DIRECTIONS FOR THIS TASK: From first entry to last, give the listing again verbatim.

MATERIAL PROVIDED:
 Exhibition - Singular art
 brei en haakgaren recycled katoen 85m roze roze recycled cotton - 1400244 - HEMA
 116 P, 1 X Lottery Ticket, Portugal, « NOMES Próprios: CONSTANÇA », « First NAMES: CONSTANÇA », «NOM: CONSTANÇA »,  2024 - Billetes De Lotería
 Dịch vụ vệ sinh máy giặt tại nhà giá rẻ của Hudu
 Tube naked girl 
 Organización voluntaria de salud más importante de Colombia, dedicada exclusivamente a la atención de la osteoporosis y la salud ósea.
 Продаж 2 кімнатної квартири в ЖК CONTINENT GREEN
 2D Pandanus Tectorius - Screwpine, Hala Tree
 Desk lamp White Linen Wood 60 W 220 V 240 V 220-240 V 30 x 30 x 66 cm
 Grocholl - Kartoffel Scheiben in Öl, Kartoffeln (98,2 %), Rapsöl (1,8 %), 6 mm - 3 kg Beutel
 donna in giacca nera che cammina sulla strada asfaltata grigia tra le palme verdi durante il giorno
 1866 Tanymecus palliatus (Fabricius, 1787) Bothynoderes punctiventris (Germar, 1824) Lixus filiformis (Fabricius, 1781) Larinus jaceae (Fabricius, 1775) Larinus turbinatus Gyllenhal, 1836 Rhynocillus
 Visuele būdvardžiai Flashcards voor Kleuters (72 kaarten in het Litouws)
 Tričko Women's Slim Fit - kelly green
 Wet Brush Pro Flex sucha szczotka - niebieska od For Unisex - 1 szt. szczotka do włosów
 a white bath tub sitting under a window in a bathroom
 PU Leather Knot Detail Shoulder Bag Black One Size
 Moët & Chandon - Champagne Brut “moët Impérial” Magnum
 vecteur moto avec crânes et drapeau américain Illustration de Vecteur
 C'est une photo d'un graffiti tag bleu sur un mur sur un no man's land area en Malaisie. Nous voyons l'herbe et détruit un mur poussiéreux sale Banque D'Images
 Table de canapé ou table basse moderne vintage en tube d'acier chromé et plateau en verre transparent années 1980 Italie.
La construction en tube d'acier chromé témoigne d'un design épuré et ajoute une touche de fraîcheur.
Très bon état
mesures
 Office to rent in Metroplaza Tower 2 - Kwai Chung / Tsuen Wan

FINISHED TASK:
 Exhibition - Singular art
 brei en haakgaren recycled katoen 85m roze roze recycled cotton - 1400244 - HEMA
 116 P, 1 X Lottery Ticket, Portugal, « NOMES Próprios: CONSTANÇA », « First NAMES: CONSTANÇA », «NOM: CONSTANÇA »,  2024 - Billetes De Lotería
 Dịch vụ vệ sinh máy giặt tại nhà giá rẻ của Hudu
 Tube naked girl 
 Organización voluntaria de salud más importante de Colombia, dedicada exclusivamente a la atención de la osteoporosis y la salud ósea.
 Продаж 2 кімнатної квартири в ЖК CONTINENT GREEN
 2D Pandanus Tectorius - Screwpine, Hala Tree
 Desk lamp White Linen Wood 60 W 220 V 240 V 220-240 V 30 x 30 x 66 cm
 Grocholl - Kartoffel Scheiben in Öl, Kartoffeln (98,2 %), Rapsöl (1,8 %), 6 mm - 3 kg Beutel
 donna in giacca nera che cammina sulla strada asfaltata grigia tra le palme verdi durante il giorno
 1866 Tanymecus palliatus (Fabricius, 1787) Bothynoderes punctiventris (Germar, 1824) Lixus filiformis (Fabricius, 1781) Larinus jaceae (Fabricius, 1775) Larinus turbinatus Gyllenhal, 1836 Rhynocillus
 Visuele būdvardžiai Flashcards voor Kleuters (72 kaarten in het Litouws)
 Tričko Women's Slim Fit - kelly green
 Wet Brush Pro Flex sucha szczotka - niebieska od For Unisex - 1 szt. szczotka do włosów
 a white bath tub sitting under a window in a bathroom
 PU Leather Knot Detail Shoulder Bag Black One Size
 Moët & Chandon - Champagne Brut “moët Impérial” Magnum
 vecteur moto avec crânes et drapeau américain Illustration de Vecteur
 C'est une photo d'un graffiti tag bleu sur un mur sur un no man's land area en Malaisie. Nous voyons l'herbe et détruit un mur poussiéreux sale Banque D'Images
 Table de canapé ou table basse moderne vintage en tube d'acier chromé et plateau en verre transparent années 1980 Italie.
La construction en tube d'acier chromé témoigne d'un design épuré et ajoute une touche de fraîcheur.
Très bon état
mesures
 Office to rent in Metroplaza Tower 2 - Kwai Chung / Tsuen Wan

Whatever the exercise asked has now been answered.